Hi guys im new to all this iv just started reading about it today and have been trolling through these forums.

Basically iv been looking at acoustic treatment for my small studio room which led me onto downloading REW. Iv spent a few hours looking into what i would need to get started. And since living in the UK have seen it is hard to find a galaxy spl meter. But iv seen i can get a Behringer ECM8000 fairly cheap but uncalibrated.

My question is it worth buying the Behringer ECM8000 uncalibrated or am i wasting my time?

i had a look at this artical where they mention the ECM8000 as being fairly good but dont mention if it is calibrated, RealTraps - Measuring Microphones (i cant post links yet)

Iv seen that this mic requires +48v phantom power which im fairly sure my motu 828 mk3 can give it (it has a switch saying 48v?) i do know my equipment well but iv never used it like this can anyone confirm this for me?

Iv also just purchased a book on acoustics which should be here in a few days so iv got some learning to do but I just want something to get me started really.

Any advice greatly appreciated!

Thanks Jamie!


----------



## JohnM (Apr 11, 2006)

An uncalibrated ECM would be a good start, you could also look at calibrated setups from iSEMcon (used to be IBF Acoustic).


----------



## jamie8286 (Aug 18, 2011)

Cool thanks 80euro dosent seem to bad at all might be abit of shipping but worth the extra bit of cash.
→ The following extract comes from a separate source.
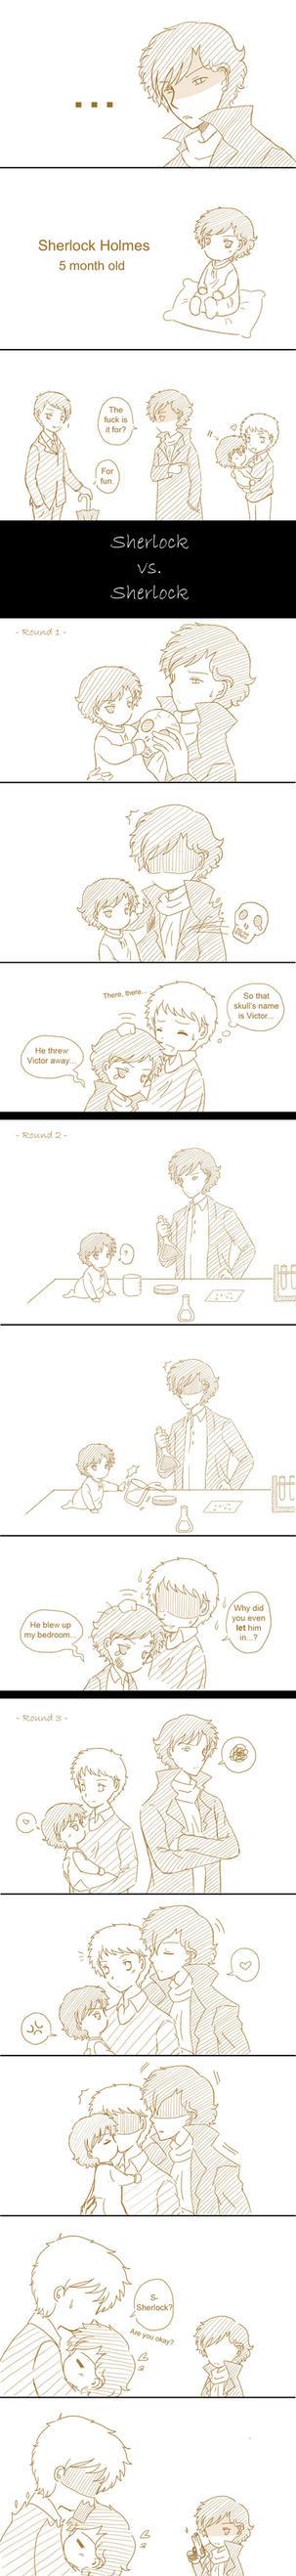 Childhood by Voidance-kun

Thanks a lot for the reply!


----------



## JohnM (Apr 11, 2006)

If you don't have the ECM yet you can buy a ready-calibrated one from iSEMcon.


----------



## jamie8286 (Aug 18, 2011)

cool thanks yes i just saw that iv sent them an email asking for total price plus shipping.


----------



## alexsabree (Apr 23, 2010)

Wow! Thanks a lot for that link John.


----------